# Salutations



## rewritedrums (Sep 21, 2006)

I AM A HALLOWEEN FREAK..used to be a member...lost password though  I am "kevin" that "ERICK with No k" always talks about...and work/build stuff in my local haunt "the spooky walk" www.spookywalk.com And overall, will post alot...so nice to meet everyone..


----------



## Johnny Thunder (Feb 24, 2006)

welcome :devil:


----------



## ScareFX (Aug 18, 2004)

Wecome back rewritedrums.


----------



## Dr Morbius (Sep 21, 2004)

Wb! Glad to have you with us.


----------



## scareme (Aug 29, 2006)

Welcome, you're among your own kind here. We're all freaks.


----------



## DeadSpider (Feb 3, 2006)

welcome back!


----------



## Frighteners Entertainment (Jan 24, 2006)

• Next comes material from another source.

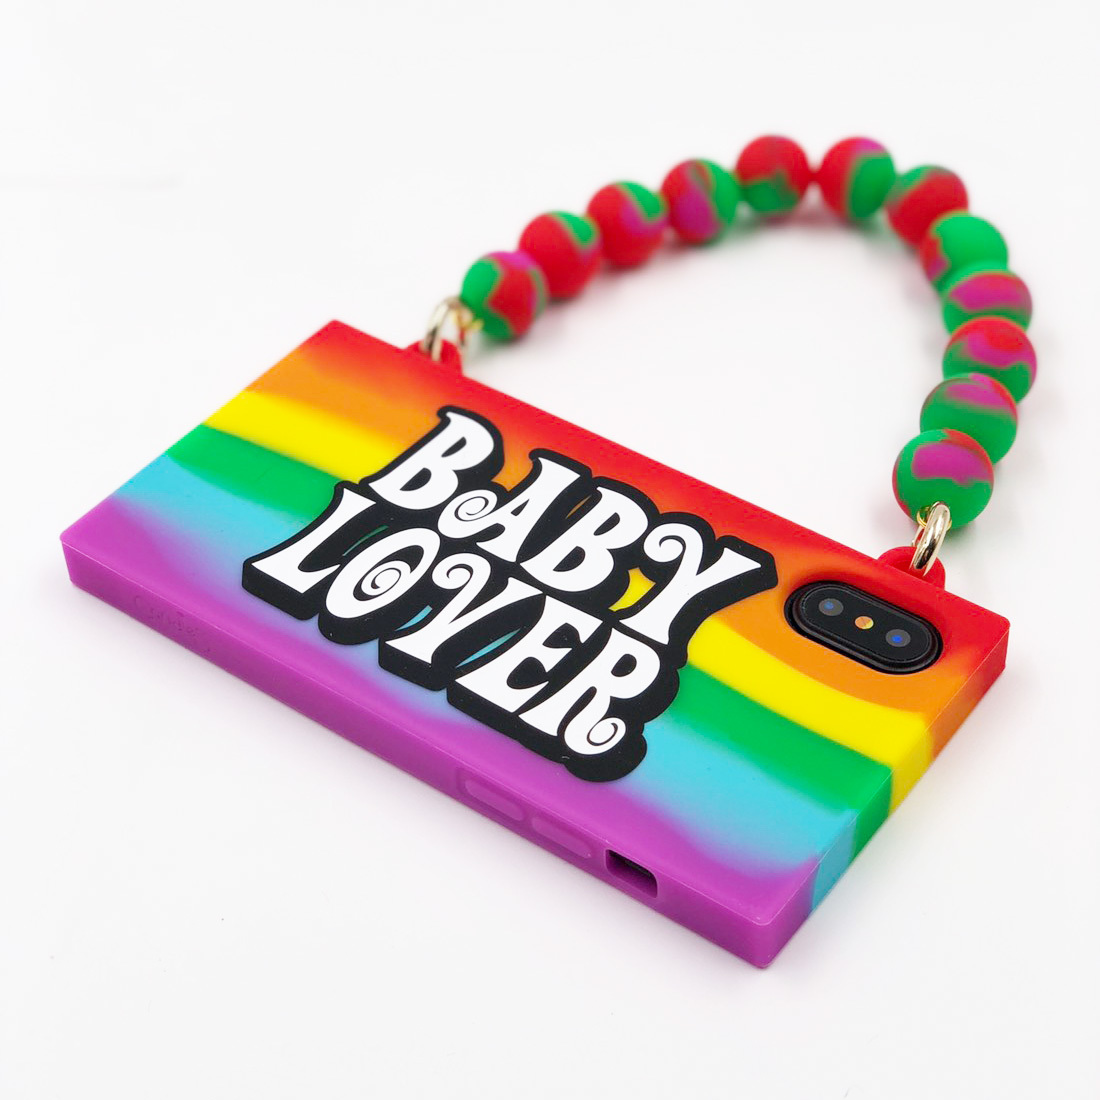 "RAINBOW HANDBAG CASE ""BABY LOVER"" for iPhoneXS/iPhoneX"
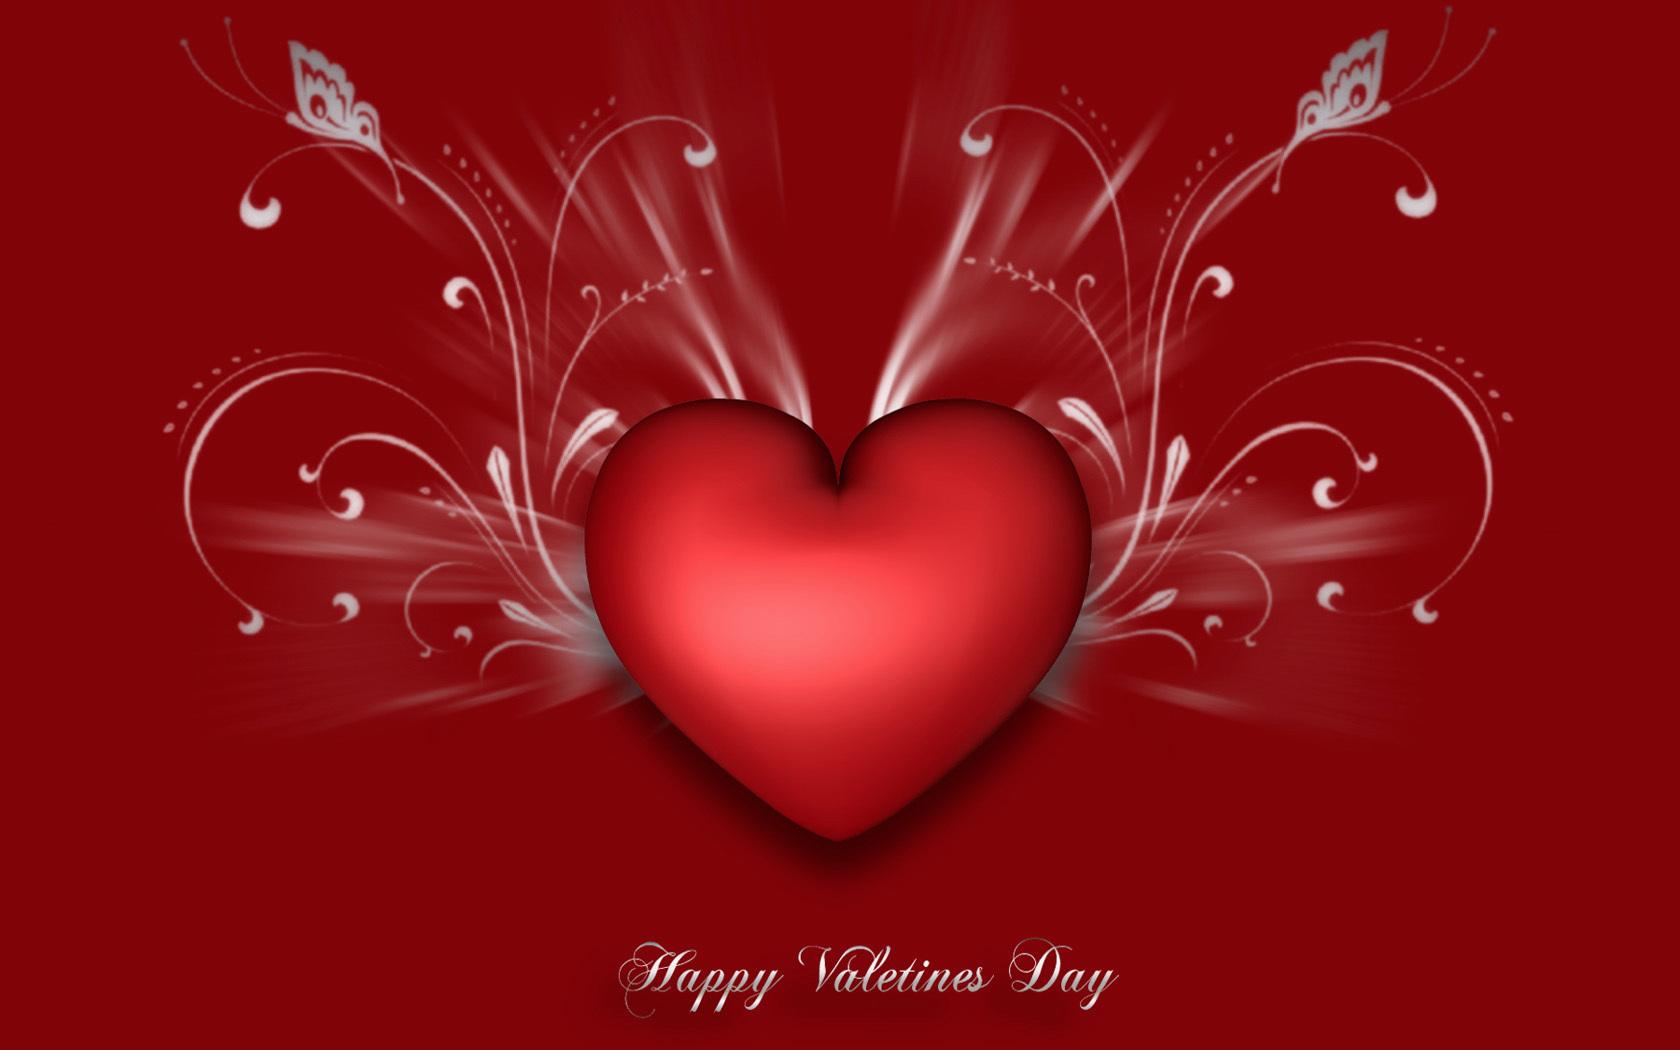 google-images-valentine-wallpaper-free_4941377.jpg

Total coolness, glad to have you here!!!


----------



## otherworldly (Jul 25, 2006)

Nice to meet you!


----------



## Zombie-F (Apr 12, 2004)

Just curious, why didn't you use the password reset function to reset the password?

In any event, welcome back to the forums.


----------



## Vlad (Aug 2, 2005)

Welcome Kevin.


----------



## Wyatt Furr (Jun 5, 2006)

welcome and Howdy


----------



## grapegrl (Jan 3, 2006)

Hello and welcome back!


----------



## Wildomar (Aug 30, 2006)

Welcome back!


----------



## Death's Door (Mar 22, 2006)

Welcome rewritedrums!!!


----------



## NickG (Sep 12, 2006)

re-aloha.


----------



## Eric Striffler (May 6, 2006)

*Hey*

What's up Kevin?
Post more often!
Haha.


----------



## DeathTouch (Sep 6, 2005)

Welcome. I too used to be Fred the Vampire. Then I re-rolled my charater and got more hit points. Now I am Deathtouch.


----------



## morgan8586 (Aug 30, 2006)

Howdy


----------



## slimy (Jul 12, 2006)

DT, YOU were Fred the Vampire?!?!?!?!?!?!?! Oh my god, you owe me $20!!!!!

Welcome to the board by the way Mr. rewritedrums.


----------